Result of the Simulation
Look at the graph in the video. The green line is my physical foot pressing the pedal. The red dashed line is what the PLC is actually allowing the engine to do. When I switch back and forth between Eco and Sport mode mid-throttle, you can instantly see the SoftPLC intervening, perfectly clamping the engine power at 50% despite my foot being pinned to the floor.
The Final Architecture (How it actually works)
To build this, I connected physical hardware to virtual processing using standard industrial protocols:
• The Input (Hardware): A Thrustmaster T80 USB Racing Wheel.

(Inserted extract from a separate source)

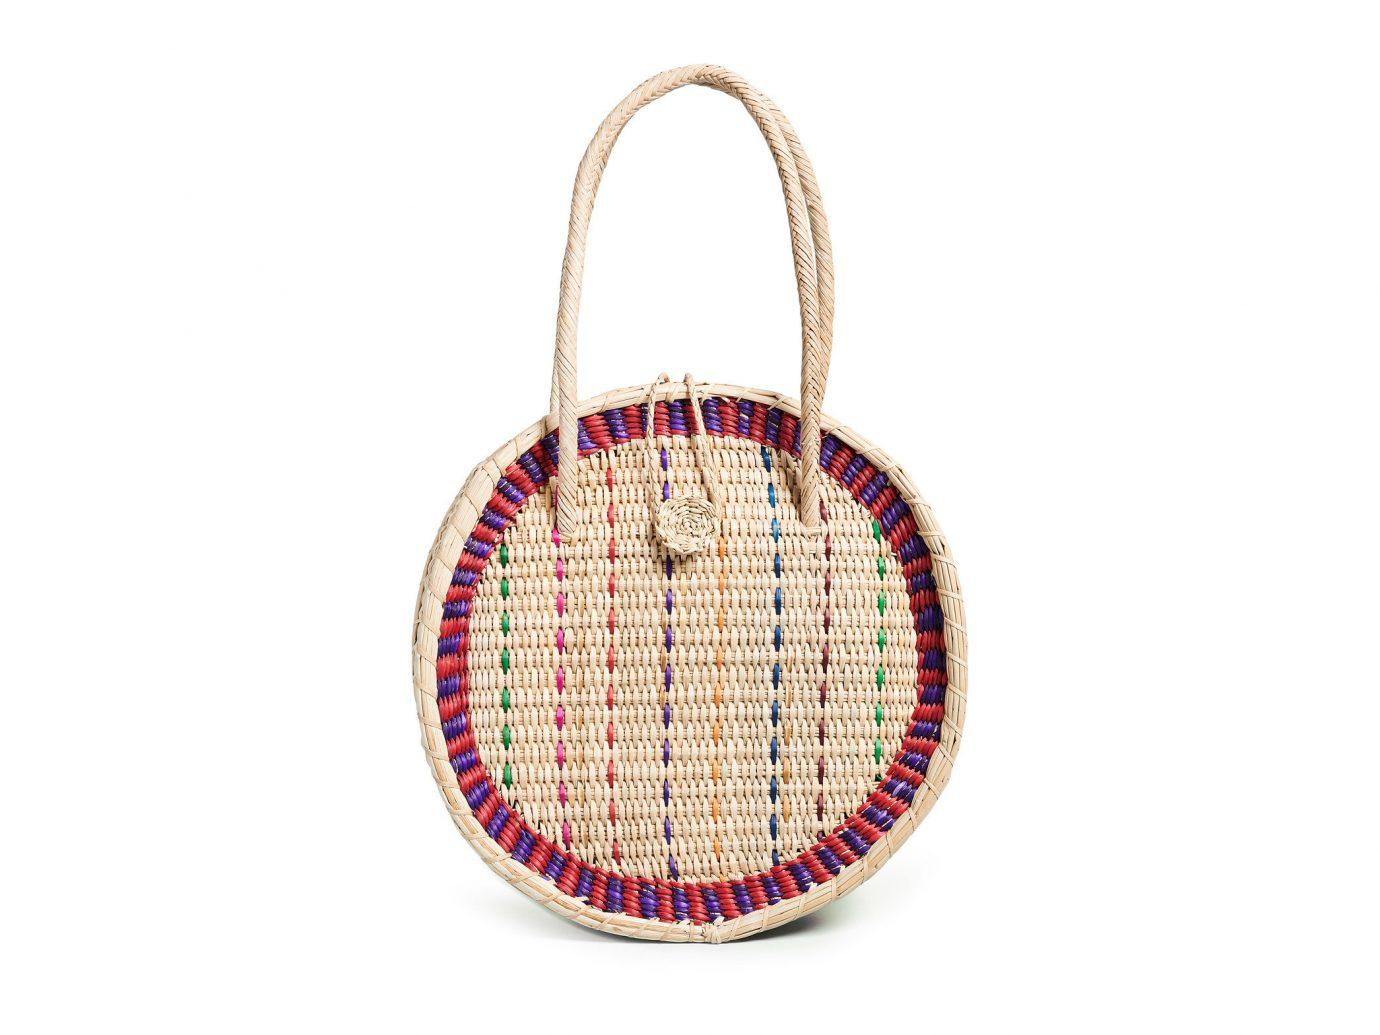 Packing Tips Style + Design Travel Shop handbag fashion accessory product bag jewellery shoulder bag
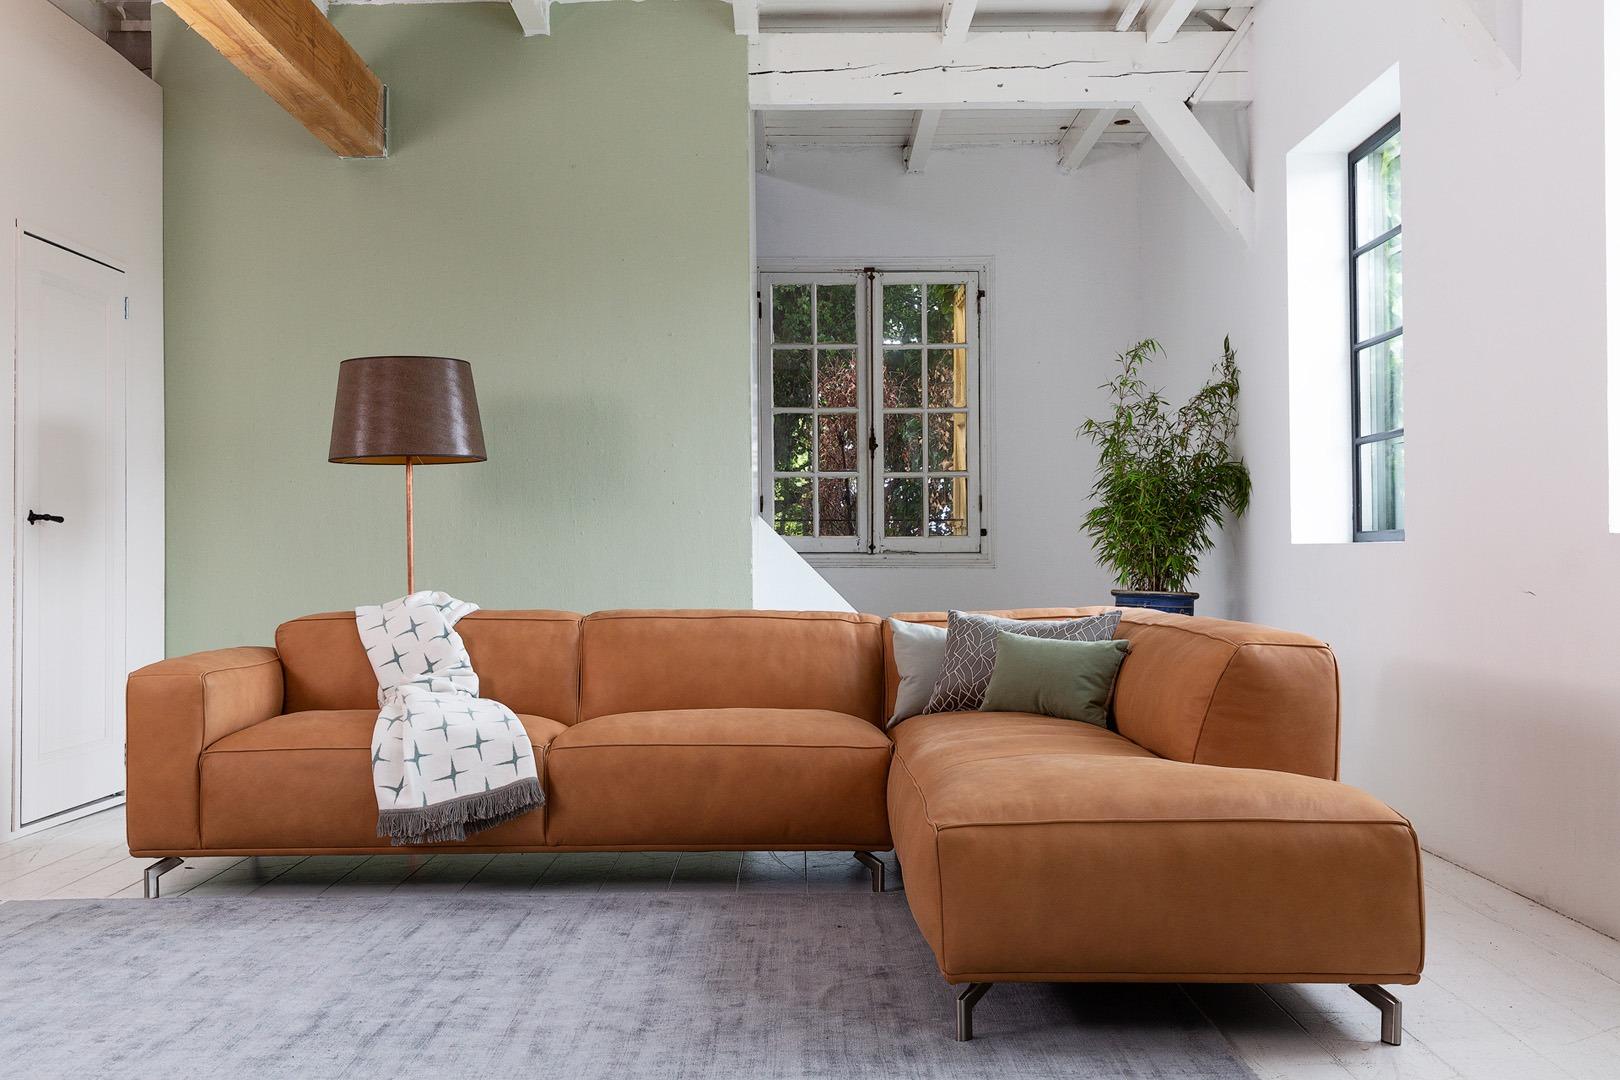 chill-ibiza-congac-leer-ottoman-hoekbank-soofs-interieur (1)

• The Bridge (Python): Reads the USB hardware via pygame, cleans the signal math, and serializes the state using pymodbus.
• The Controller (CODESYS): Evaluates the throttle and mode data, executes the engine mapping logic in Structured Text, and commands the final torque output.
The Result: A fully functional, bidirectional HIL testbench processing physical driver inputs and PLC overrides with <50ms latency.